TASK BRIEF
Without including any images, repeat the data exactly.

DATA PROVIDED
- Opening Delimiter -

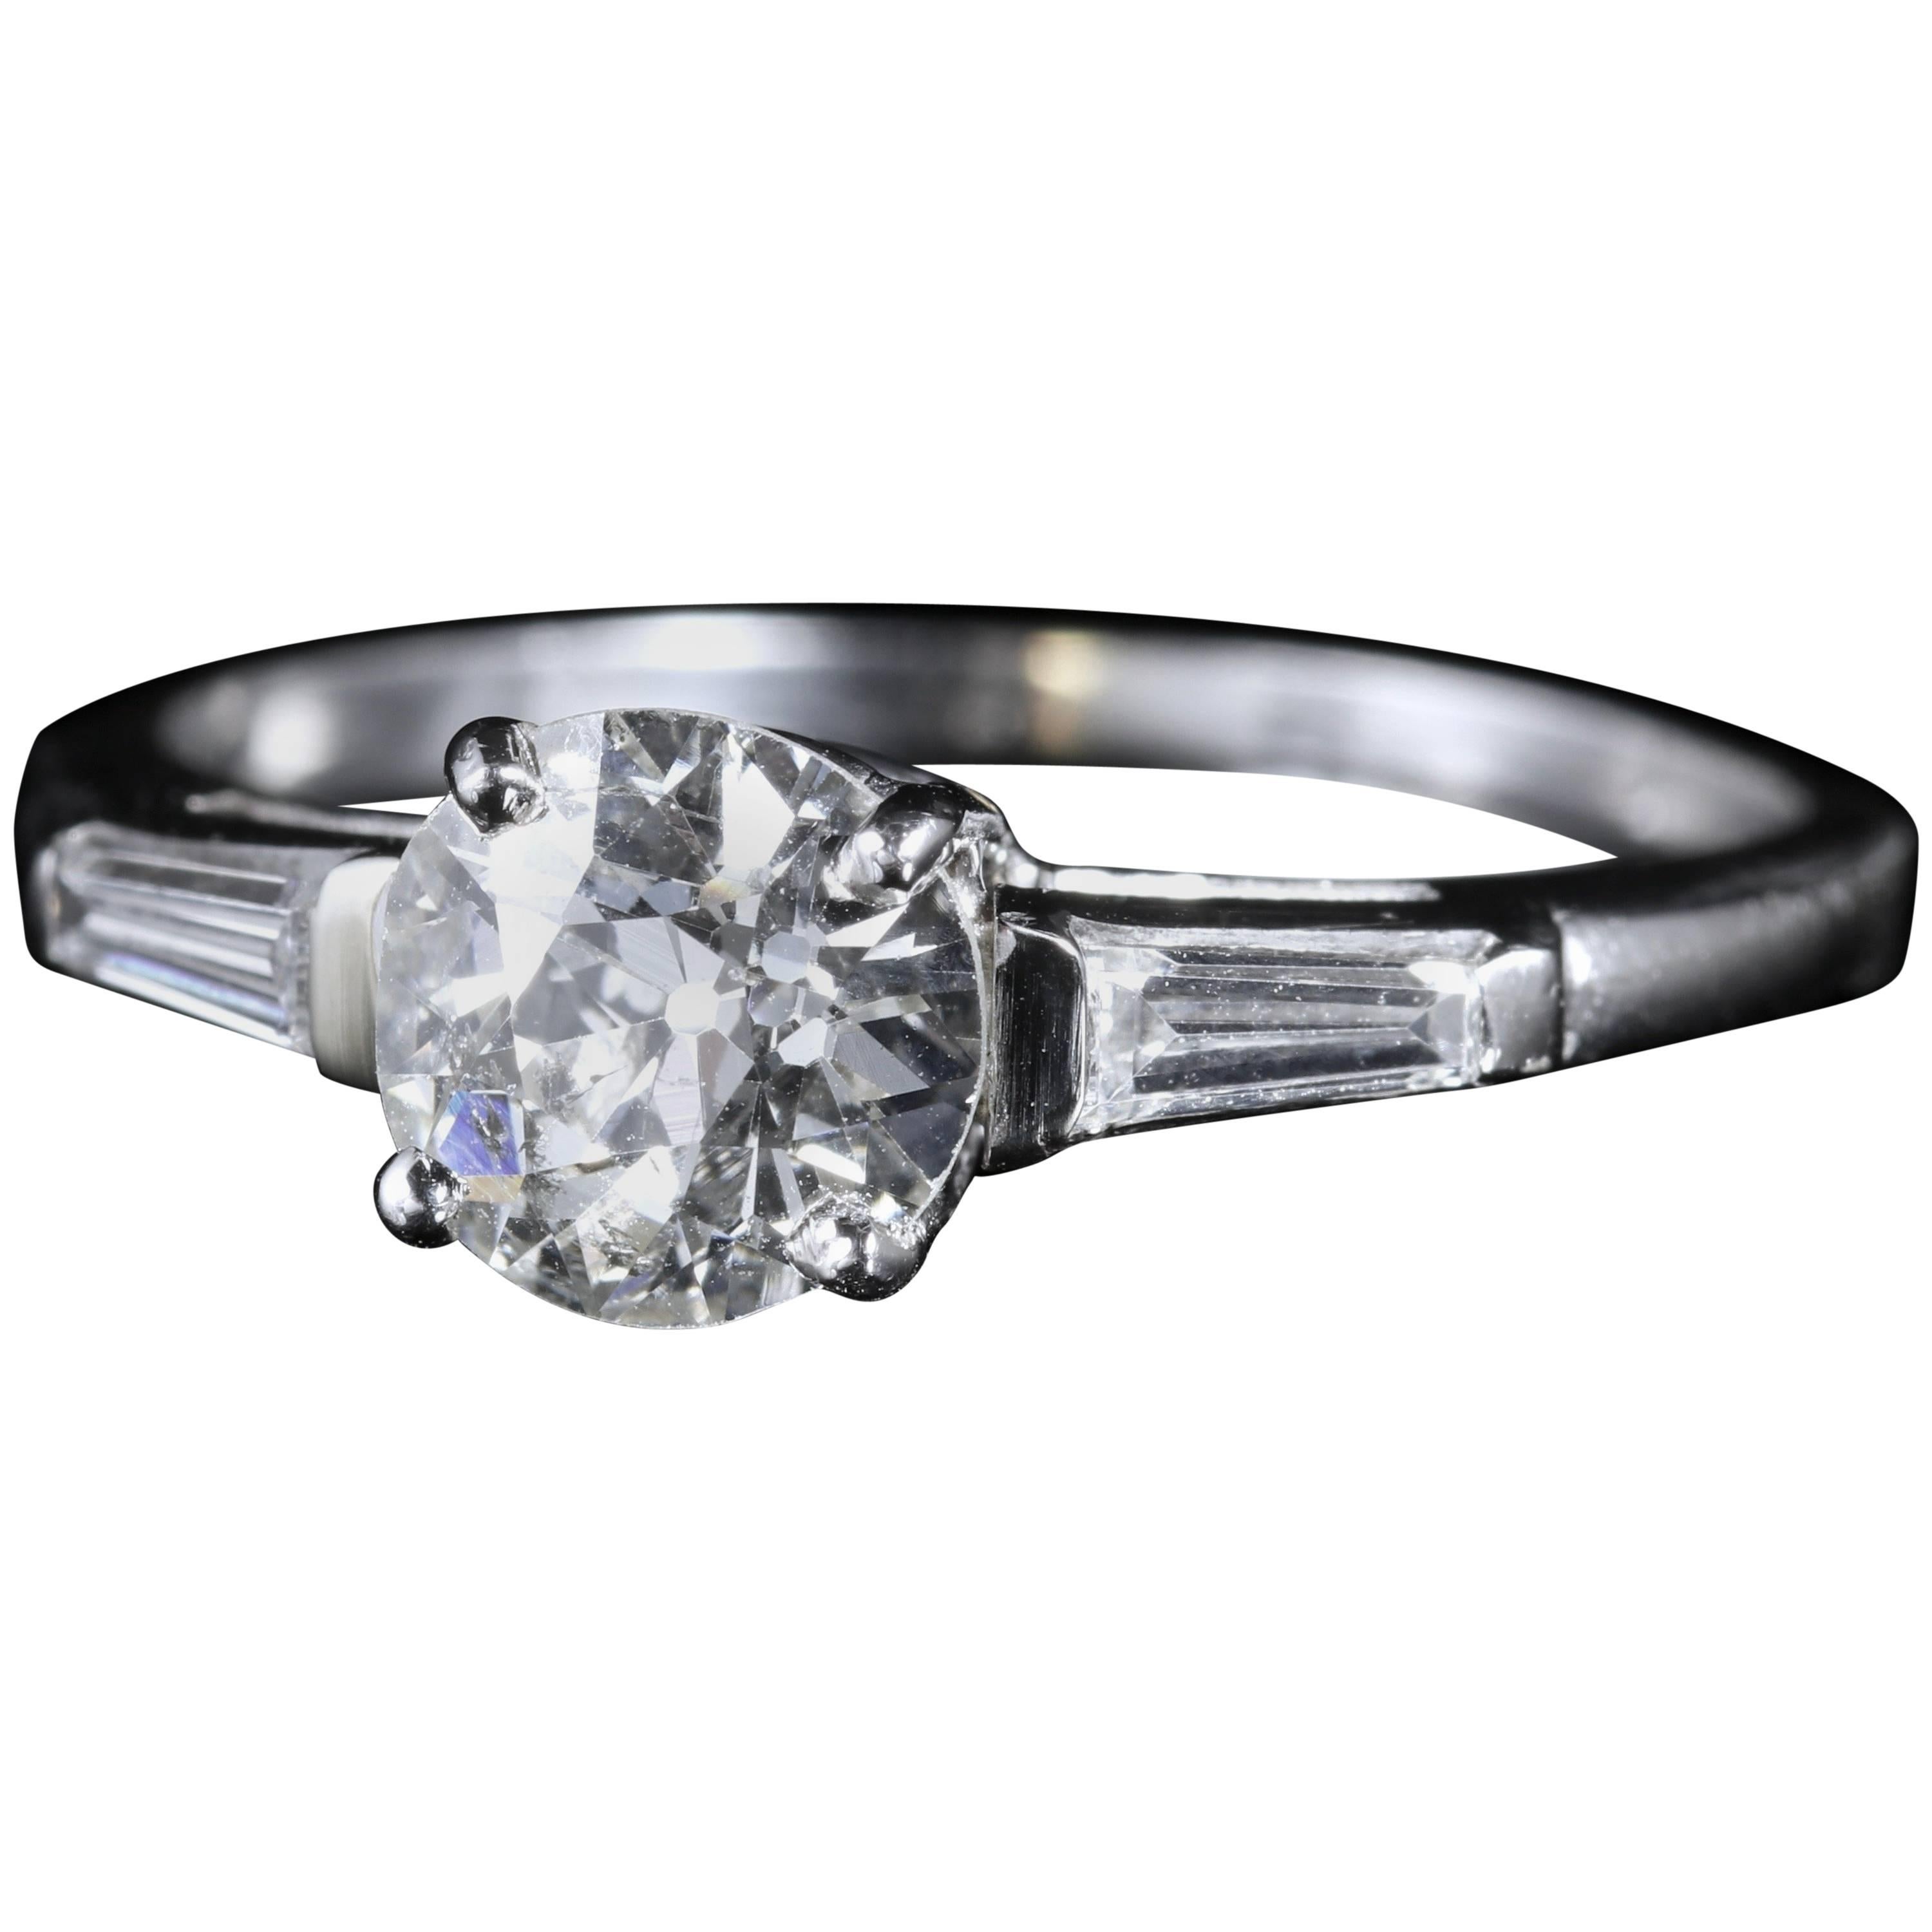 Antique Art Deco Diamond Solitaire Ring, circa 1920 Engagement Ring
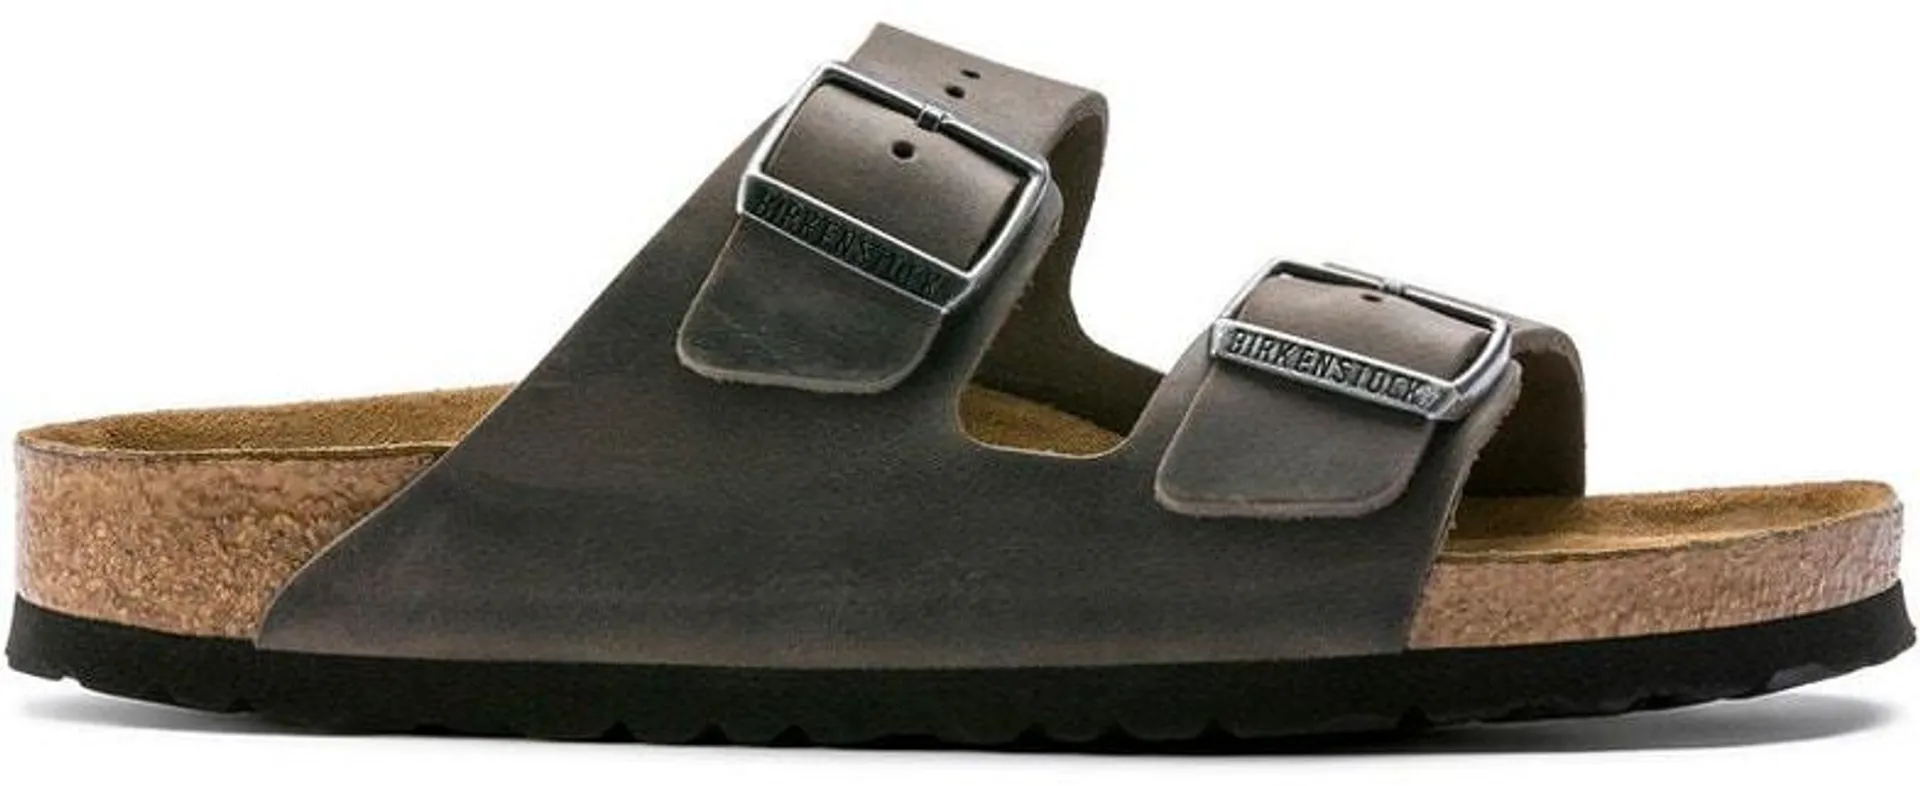 Birkenstock Arizona Soft Footbed Sandals - Men's
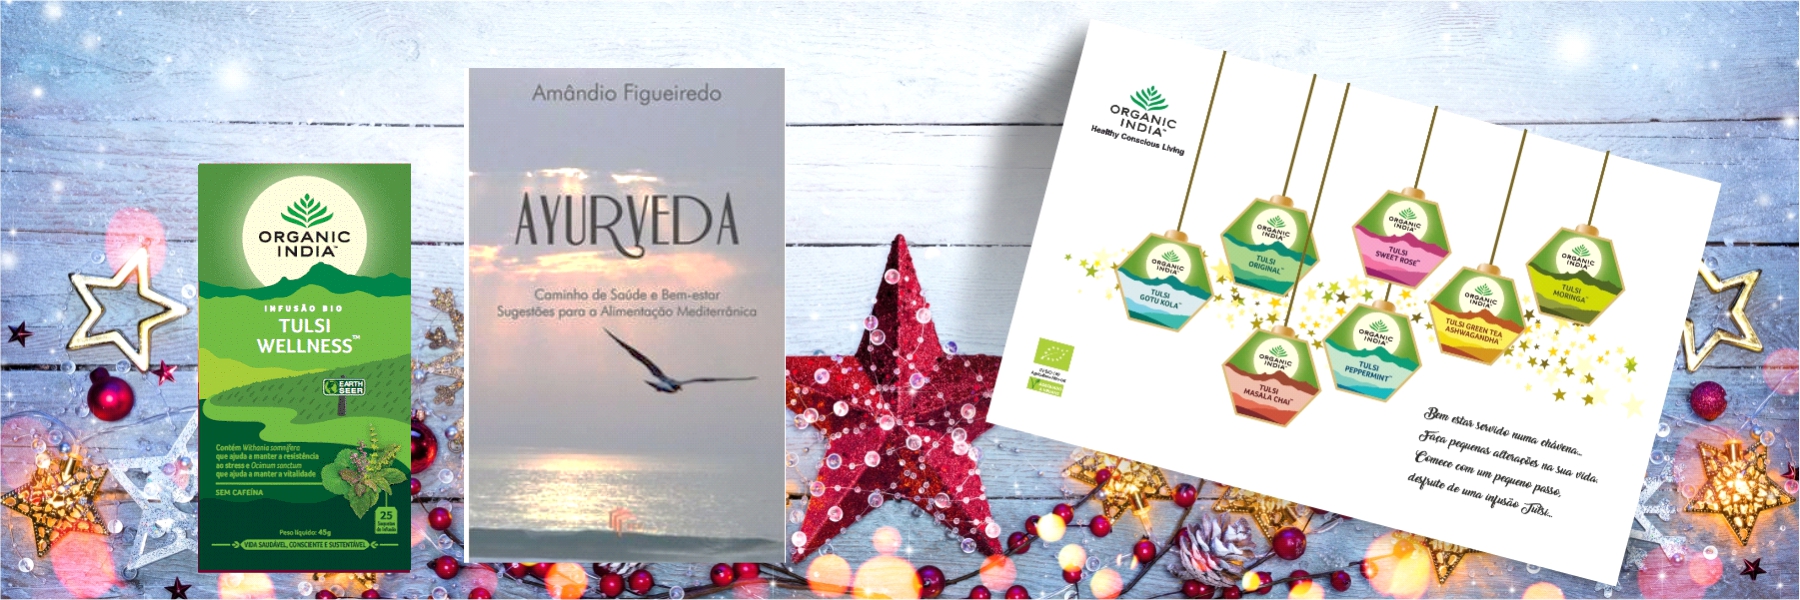 Pack Natal Infusão Bio Organic India e Livro Ayurveda
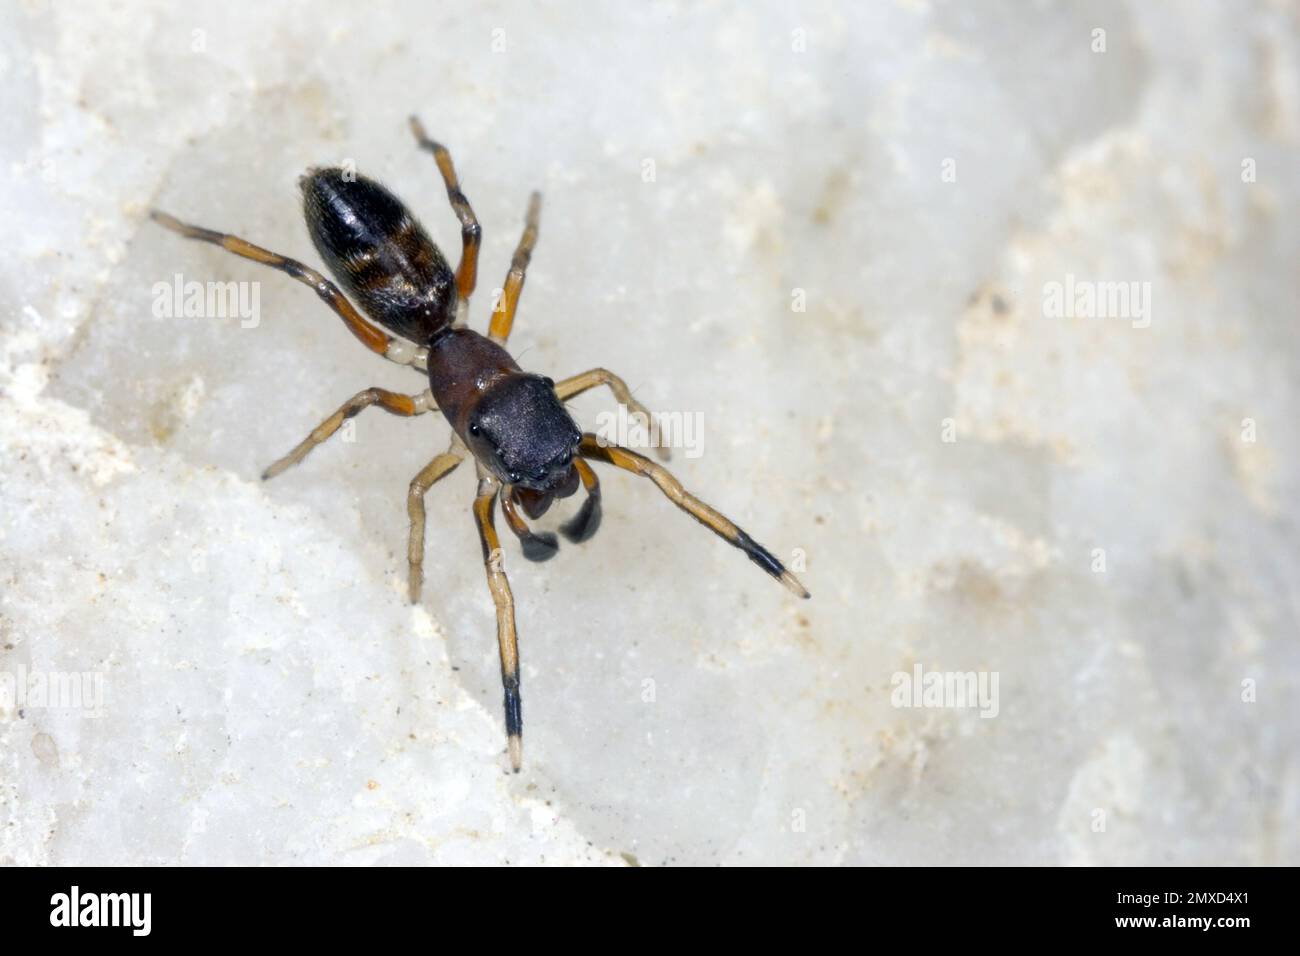 Araignée sauteuse ANT Mimic, araignée Ant (Myrmarachne formicaria), femelle, vue dorsale, Allemagne Banque D'Images

- Closing Delimiter -

RESULT OF THE EXERCISE
 Antique Art Deco Diamond Solitaire Ring, circa 1920 Engagement Ring
 Birkenstock Arizona Soft Footbed Sandals - Men's
 Pack Natal Infusão Bio Organic India e Livro Ayurveda
 Araignée sauteuse ANT Mimic, araignée Ant (Myrmarachne formicaria), femelle, vue dorsale, Allemagne Banque D'Images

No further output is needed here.